● Action item
Give back every line of the material exactly. Skip the pictures.

● Dataset content

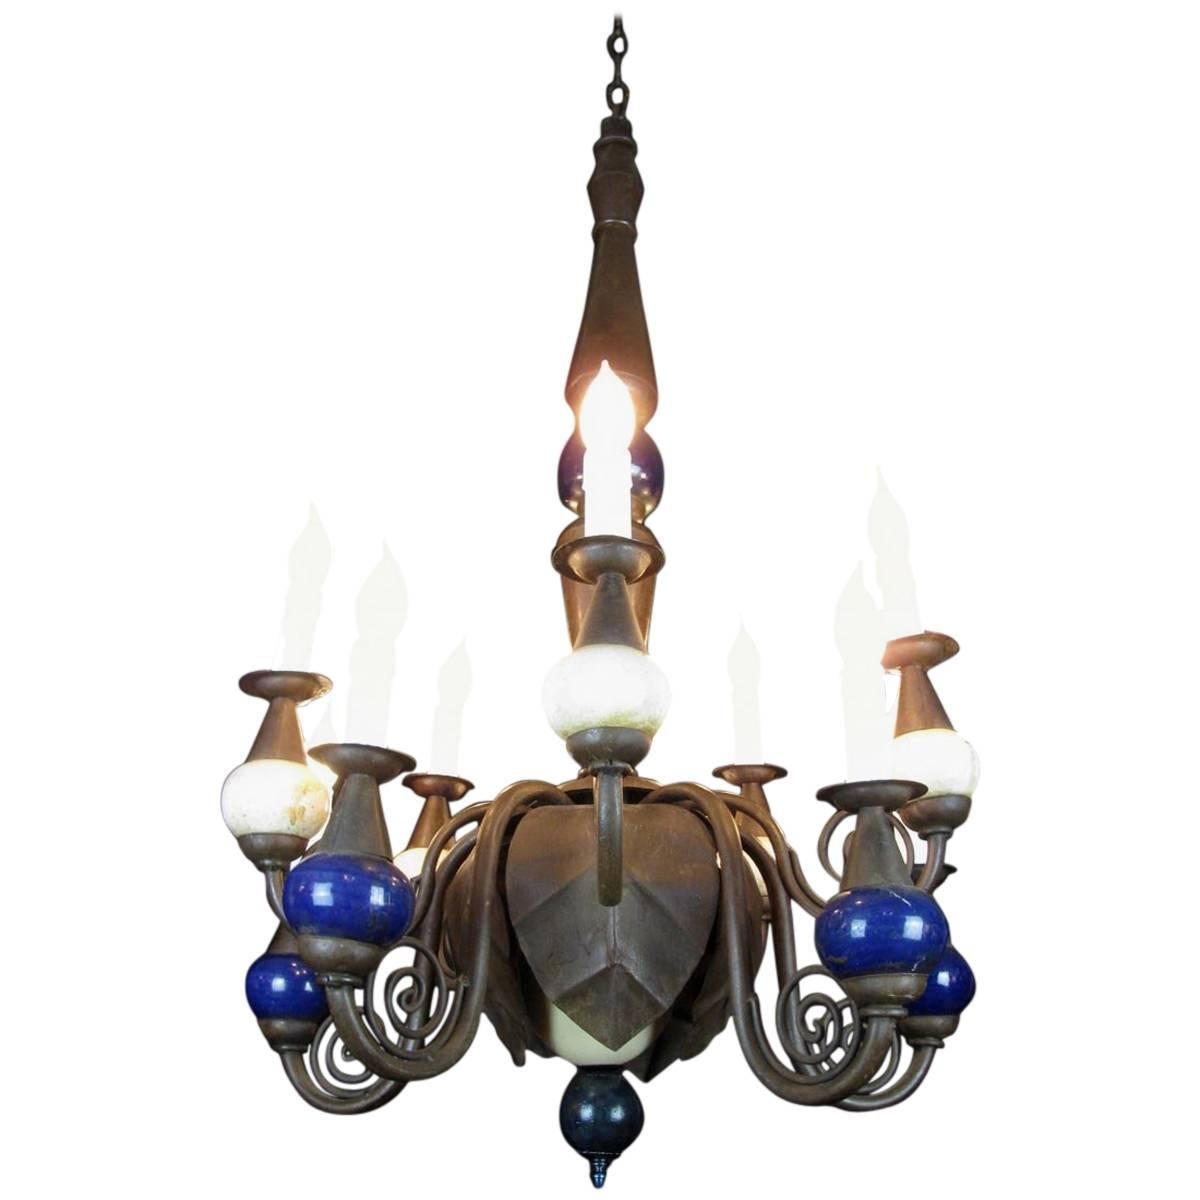 Early 20th century Italian iron two-tier ten-light chandelier, in good condition, restored and rewired. Of Italian origin, handcrafted, this is a unique work of art coming from a Milanese private palazzo.
Unusual structure with ten curved scrolling
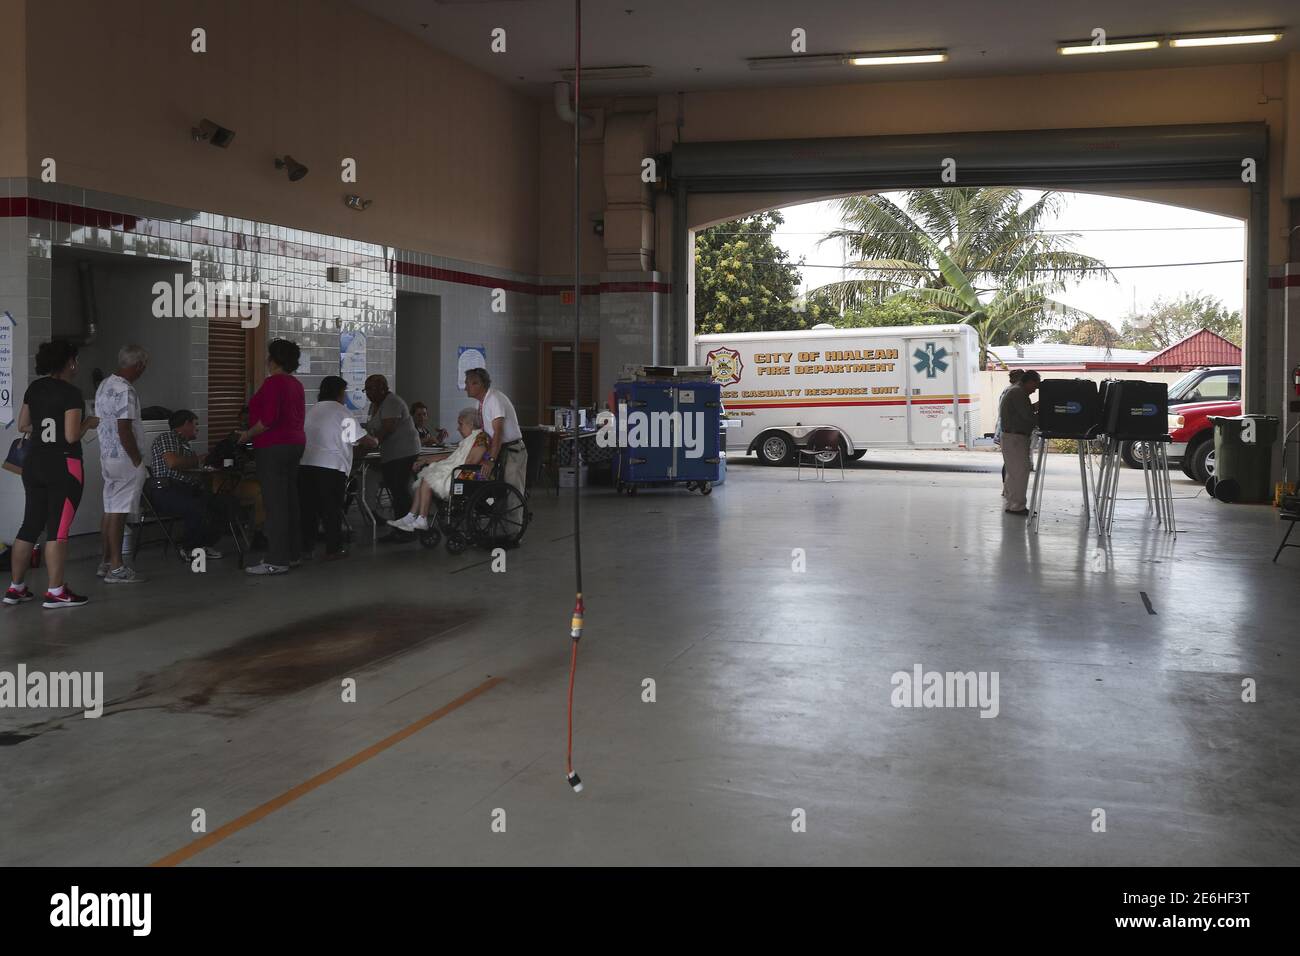 People Cast Their Ballots At A Fire Station Turned Polling Place On Primary Day In Hialeah Florida March 15 16 Reuters Carlo Allegri Stock Photo Alamy

● Solution for this task
 Early 20th century Italian iron two-tier ten-light chandelier, in good condition, restored and rewired. Of Italian origin, handcrafted, this is a unique work of art coming from a Milanese private palazzo.
Unusual structure with ten curved scrolling
 People Cast Their Ballots At A Fire Station Turned Polling Place On Primary Day In Hialeah Florida March 15 16 Reuters Carlo Allegri Stock Photo Alamy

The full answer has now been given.